There is more, but we wouldn't want to give Alan Greenspan a heart attack.

To its credit, the Times recognises the positive aspect of rising wages for Chinese workers and also notes that the Obama administration, which has complained about the Chinese yuan being undervalued, should welcome this development. An increase in Chinese wages, to the extent that it raises the price of the country's exports, has the same impact as an appreciation of the yuan.

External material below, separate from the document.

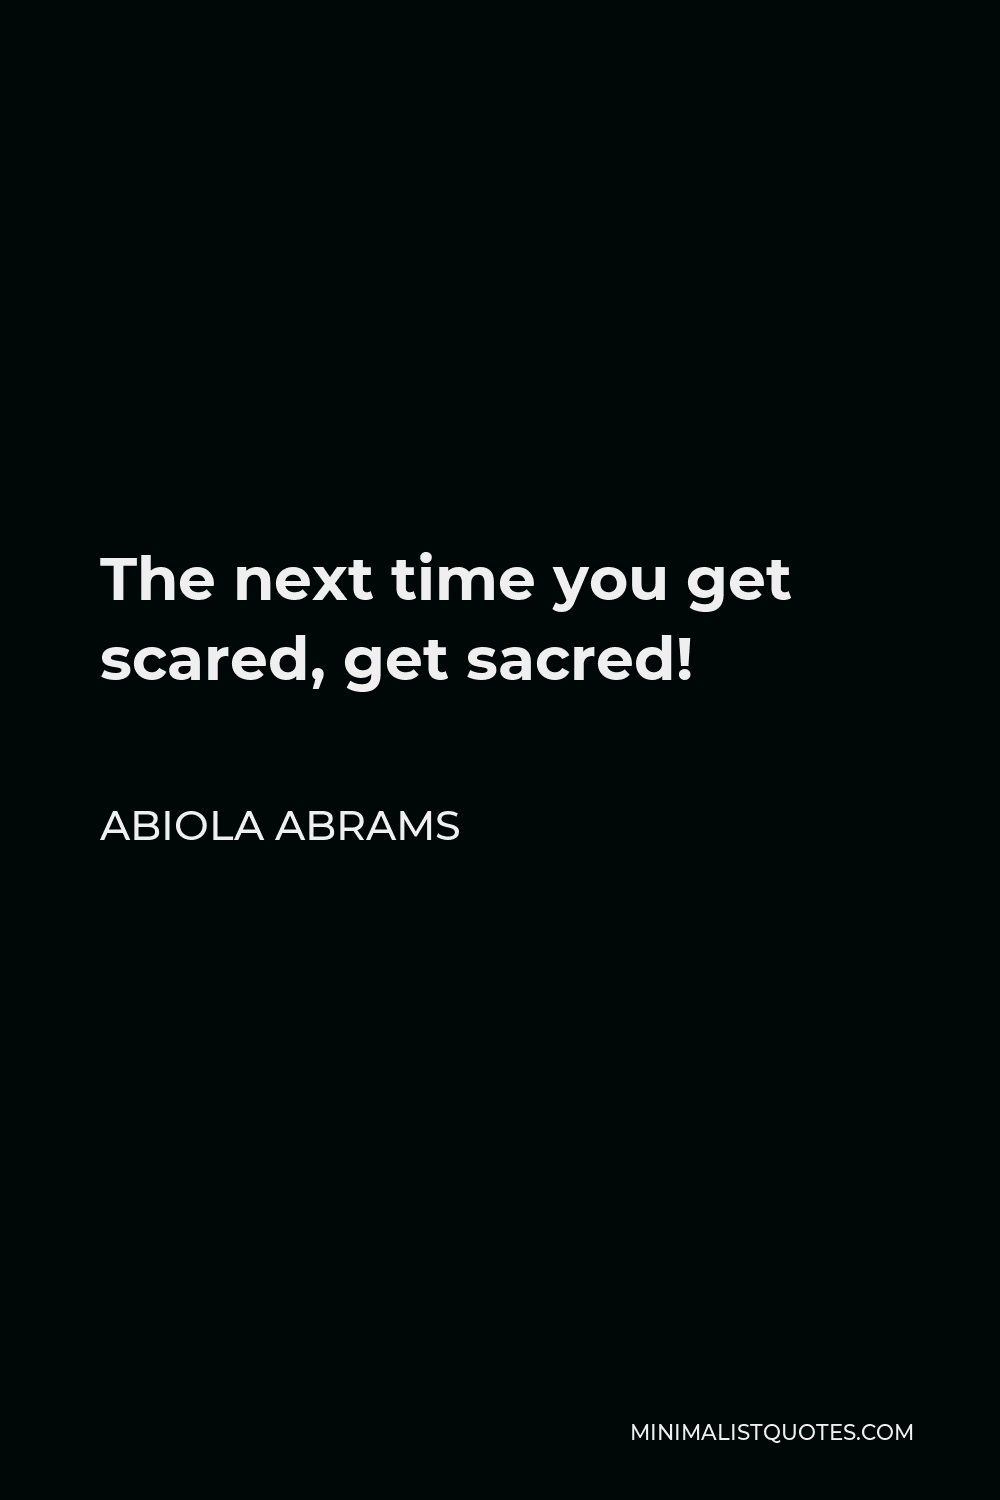 Abiola Abrams Quote - The next time you get scared, get sacred!

But the reality is that the Obama administration, as well as Congressional leaders, are not really serious about a more competitive dollar. If they were, they could push down the value of the dollar worldwide, rather than trying to blame the Chinese for our overvalued currency. But they don't do that because the Greenspan/Wall Street view prevails: anything that lowers inflation is good, whether it's an overvalued dollar, cheap imports from repressed overseas labour, or US workers' wages stagnating, as they have, for decades.

All this despite the fact that the non-partisan Congressional Budget Office projects inflation over the next 10 years averaging less than 1.7% annually - lower than any decade for more than half a century. Imaginary threats of inflation could turn out to be one of the more real threats to the United States' economic recovery.

Mark Weisbrot is Co-Director of the Center for Economic and Policy Research (CEPR), in Washington, DC.